Fernando sigue recorriendo con su hambrienta mirada toda la estancia. Ese anárquico desorden tiene mucho encanto para él, para una persona acostumbrada hasta a que le planchen los calcetines… ¡Cómo le apetecería vivir lejos de la impuesta compañía de sus padres!

– ¡Pedro!

– ¿Sí?

– ¿Te ayudo con algo?

– No, no hace falta… Bueno, sí, ya que te ofreces tráeme un rodillo para secar esto, anda. Están en el cajón del platero, en el de la derecha.

Abrió el mencionado cajón, pero allí dentro sólo pudo encontrar dos barajas, un libro de recetas “forrado” con todo tipo de manchas de distintas variedades de grasa, y unas tijeras de quirófano.

– ¡Aquí no están! ¿Miro en otro sitio?

– ¡No, no hace falta! Seguro que están todos en el cubo de la ropa sucia; hace ya casi tres semanas que no se pone una lavadora en esta casa.
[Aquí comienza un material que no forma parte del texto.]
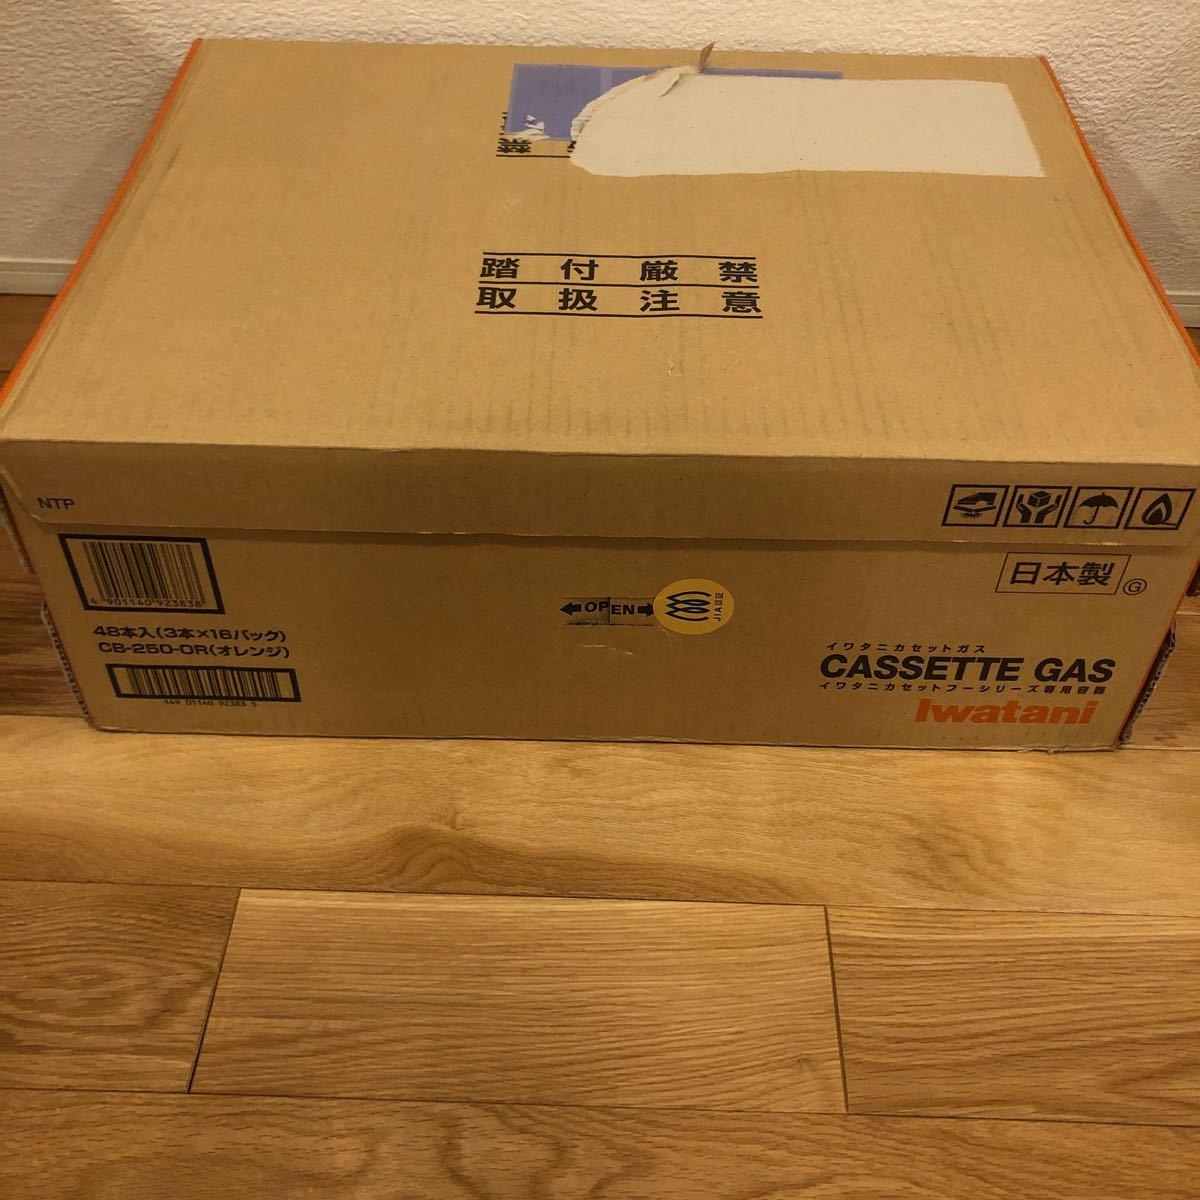 イワタニ (Iwatani) カセットボンベ オレンジ CB-250-OR 1箱 (3本入 × 16パック) カセットガス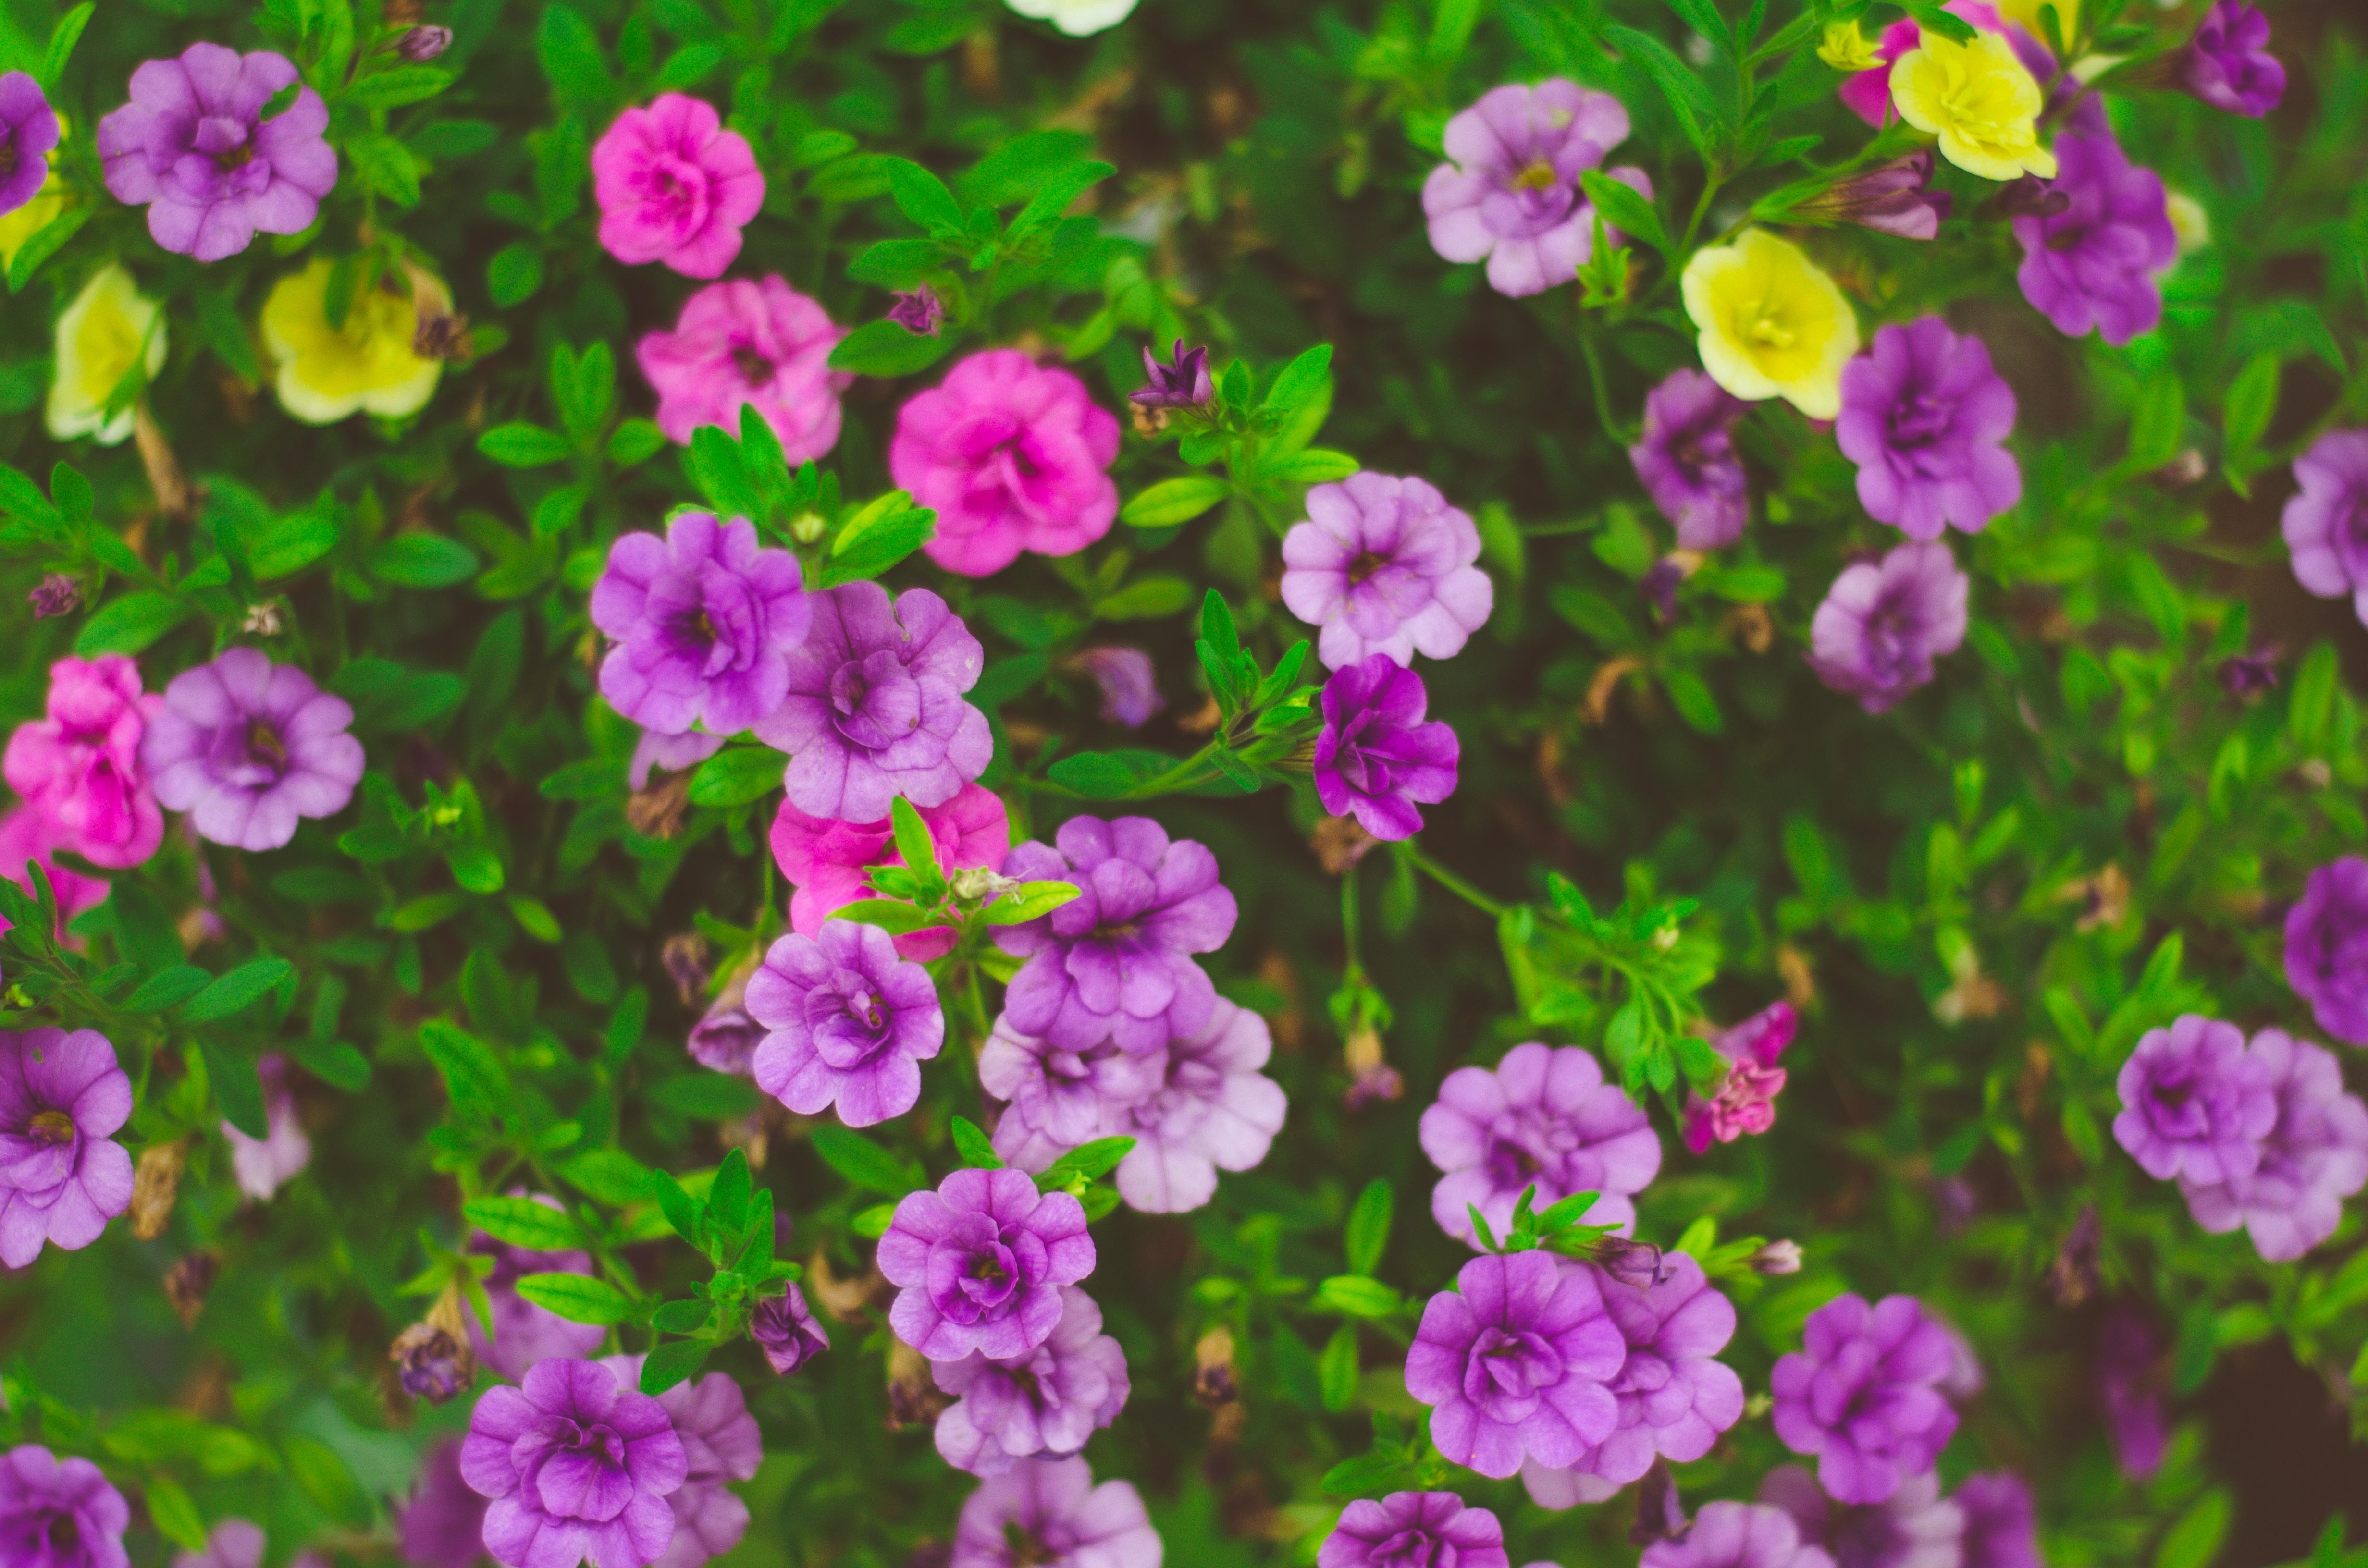 151802 скачать обои Цветы, Клумба, Растения - заставки и картинки бесплатно

Joder, llevamos un descontrol…¡Déjalo, anda, que los seco con una toalla!

Fernando esboza una sonrisa cuando Pedro aparece en la cocina, con una toalla blanca entre sus manos, secando una de las piezas de la cafetera. Al finalizar el proceso de secado, los dos se dan cuenta de que la toalla ha adquirido un ligero tono marrón. No pueden evitar reírse a carcajada limpia. Empezaban, de alguna manera, a entenderse.

– Voy a resumirte un poco la historia, que se me está yendo un poco la olla. Para mí, ese día es muy trascendente. Ahí comenzó mi particular salto al vacío, en el que aún estoy… sin comerlo ni beberlo.

Ahora estaban sentados a la mesa de la cocina, el uno frente al otro, mirándose a los ojos al hablar, siendo inconscientes de que comenzaba a surgir un aura de complicidad entre ellos.